Die Ausstellung war ihm sichtbar wichtig, wie er auch in den folgenden Aussagen betont:


Bernhard Gelderblom erläuterte in seiner Einführung die Säulen, auf die die Ausstellung sich gründet. Das sind zum einen die Fotos der Zwangsarbeiter und zum anderen ein Briefwechsel mit 120 Rückmeldungen betroffener Menschen.
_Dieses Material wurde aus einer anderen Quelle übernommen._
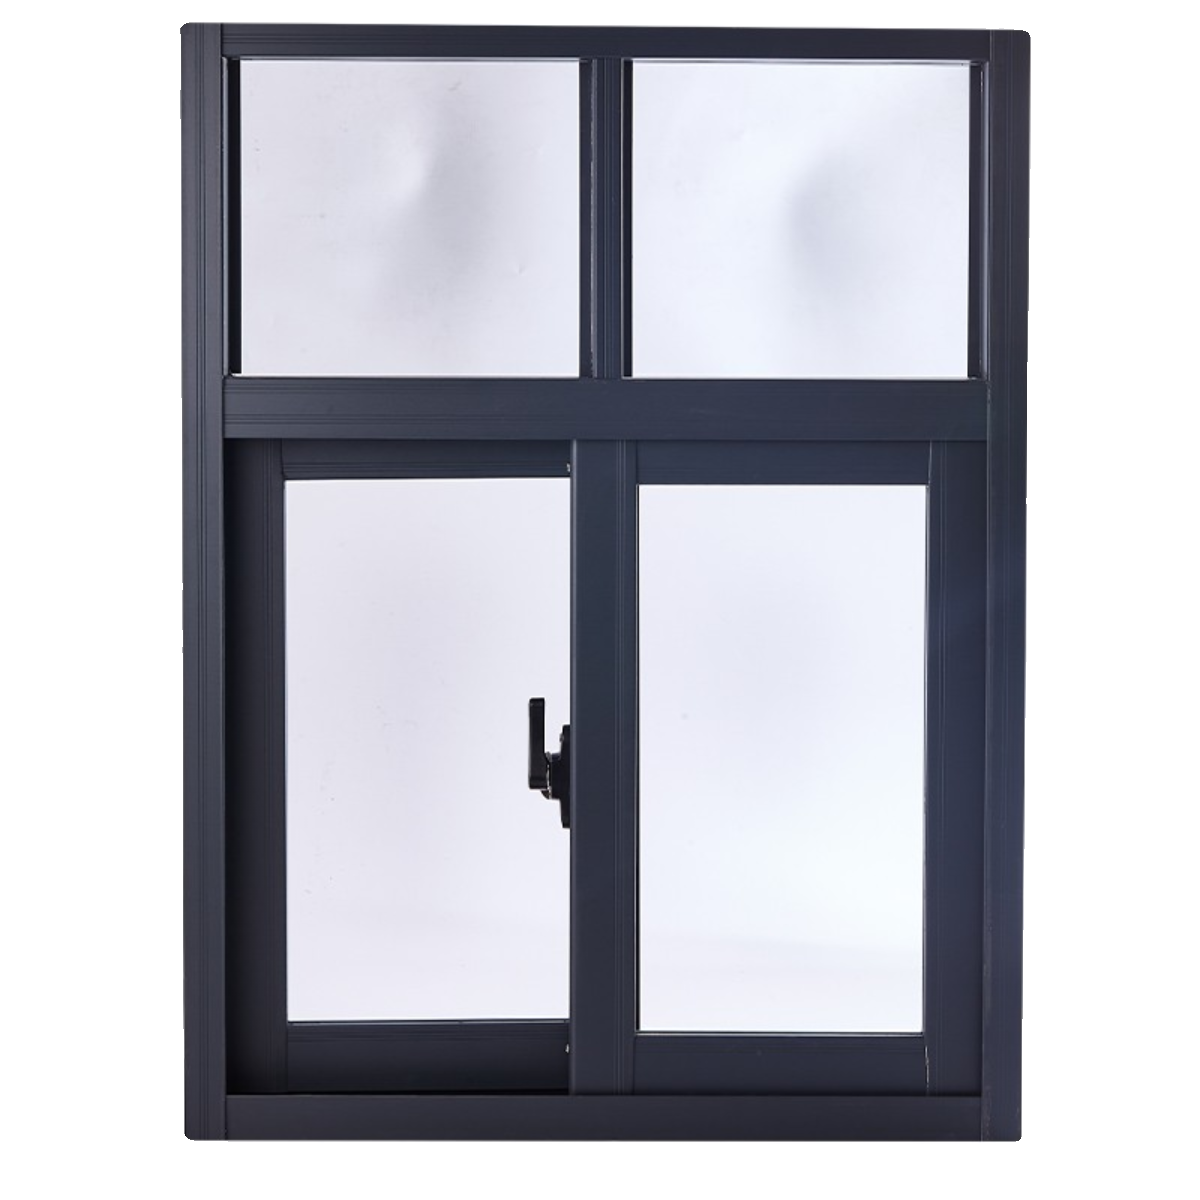 铝合金推拉窗农村定制左右简易小通风窗厕所窗厨房窗平移窗玻璃窗 - 图3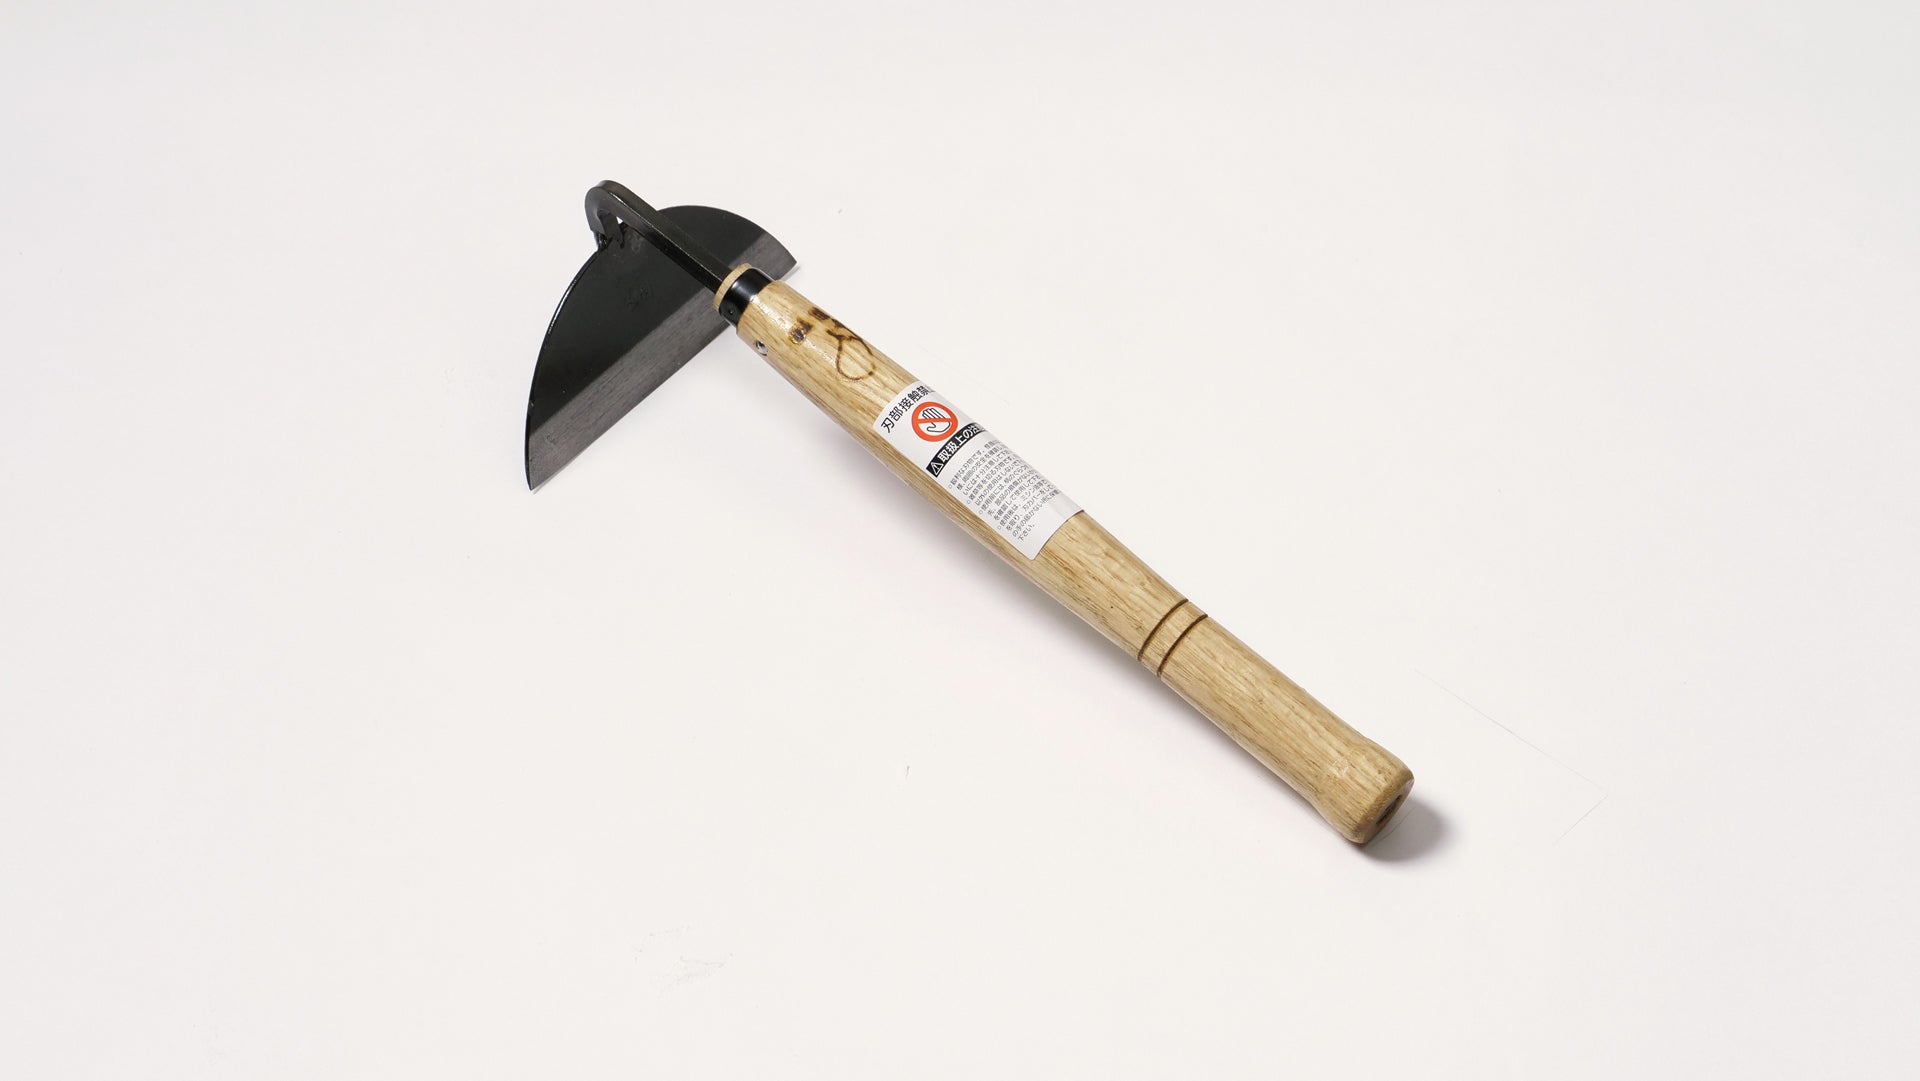 Nasu Flat Scraper (One-Handed Cut Grass Cutter) - Japanese Gardening Tools

Teils waren es ganze Tagebücher, von denen einzelnen Passagen Eingang in die Ausstellung gefunden haben. 120 Rückmeldungen von über 10.000 Zwangsarbeiterinnen und Zwangsarbeitern.

Die wiederkehrenden Themen waren

  • das oft überraschende, gewalttätige Ergreifen
  • das Verschleppen mit tagelangen Bahnfahrten
  • erniedrigende Sklavenmärkte zur Verteilung der verschleppten Menschen
  • die Härte der Arbeit – oft in 12 Stunden Schichten
  • die erniedrigenden Prügelstrafen
  • Fußlappen und Holzschuhe
  • Scham
  • Hunger

Am Beispiel eines 13 Jahre alten Mädchens, zu dem die Kontaktaufnahme später gelang, zitierte Bernhard Gelderblom: „… und nachts habe ich immer geweint“.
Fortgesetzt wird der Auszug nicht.